Task goal -
When the line with "Красная шляпа Snapback" appears below, start repeating lines exactly, and keep going through the line with "Первое заседание весенней"; add nothing outside that span.

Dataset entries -

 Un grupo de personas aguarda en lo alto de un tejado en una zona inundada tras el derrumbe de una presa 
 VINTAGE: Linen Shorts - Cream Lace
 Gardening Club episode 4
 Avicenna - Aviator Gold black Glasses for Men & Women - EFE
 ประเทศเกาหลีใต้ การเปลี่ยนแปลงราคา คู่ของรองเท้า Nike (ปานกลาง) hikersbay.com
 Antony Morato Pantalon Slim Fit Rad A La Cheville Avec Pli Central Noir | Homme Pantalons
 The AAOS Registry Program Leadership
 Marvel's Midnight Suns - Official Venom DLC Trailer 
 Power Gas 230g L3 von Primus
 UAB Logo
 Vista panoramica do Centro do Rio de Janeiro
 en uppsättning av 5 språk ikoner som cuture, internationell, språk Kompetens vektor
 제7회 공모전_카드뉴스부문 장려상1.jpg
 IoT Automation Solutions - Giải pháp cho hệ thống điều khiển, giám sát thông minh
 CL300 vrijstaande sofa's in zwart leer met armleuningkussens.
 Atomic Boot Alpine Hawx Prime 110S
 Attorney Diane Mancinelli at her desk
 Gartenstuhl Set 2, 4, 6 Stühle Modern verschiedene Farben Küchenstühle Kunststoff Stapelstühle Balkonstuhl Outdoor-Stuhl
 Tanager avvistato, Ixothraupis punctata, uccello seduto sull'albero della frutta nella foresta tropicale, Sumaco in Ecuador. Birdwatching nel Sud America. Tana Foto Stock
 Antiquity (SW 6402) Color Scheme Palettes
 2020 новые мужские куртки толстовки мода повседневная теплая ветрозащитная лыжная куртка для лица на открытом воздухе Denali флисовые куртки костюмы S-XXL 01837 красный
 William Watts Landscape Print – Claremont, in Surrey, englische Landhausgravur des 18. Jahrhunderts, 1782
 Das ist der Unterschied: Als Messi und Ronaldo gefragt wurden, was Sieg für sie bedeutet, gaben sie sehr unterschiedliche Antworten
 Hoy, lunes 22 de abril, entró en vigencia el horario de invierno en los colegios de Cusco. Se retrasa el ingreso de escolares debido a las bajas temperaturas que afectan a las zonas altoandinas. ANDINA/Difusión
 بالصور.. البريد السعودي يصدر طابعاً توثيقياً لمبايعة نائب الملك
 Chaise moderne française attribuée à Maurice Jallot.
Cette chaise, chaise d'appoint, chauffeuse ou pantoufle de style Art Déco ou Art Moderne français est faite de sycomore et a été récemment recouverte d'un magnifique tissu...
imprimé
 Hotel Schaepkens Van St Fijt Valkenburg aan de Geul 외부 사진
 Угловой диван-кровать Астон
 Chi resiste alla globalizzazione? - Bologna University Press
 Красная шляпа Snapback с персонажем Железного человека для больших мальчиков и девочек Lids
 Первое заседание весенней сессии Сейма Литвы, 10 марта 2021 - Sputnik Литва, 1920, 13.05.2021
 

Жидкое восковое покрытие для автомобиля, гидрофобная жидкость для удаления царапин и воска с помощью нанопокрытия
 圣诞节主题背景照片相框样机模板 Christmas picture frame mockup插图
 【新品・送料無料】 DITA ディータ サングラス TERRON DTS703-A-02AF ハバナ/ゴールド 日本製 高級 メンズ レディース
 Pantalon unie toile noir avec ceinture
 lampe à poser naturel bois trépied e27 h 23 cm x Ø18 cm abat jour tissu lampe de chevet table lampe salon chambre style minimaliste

Problem solution -
 Красная шляпа Snapback с персонажем Железного человека для больших мальчиков и девочек Lids
 Первое заседание весенней сессии Сейма Литвы, 10 марта 2021 - Sputnik Литва, 1920, 13.05.2021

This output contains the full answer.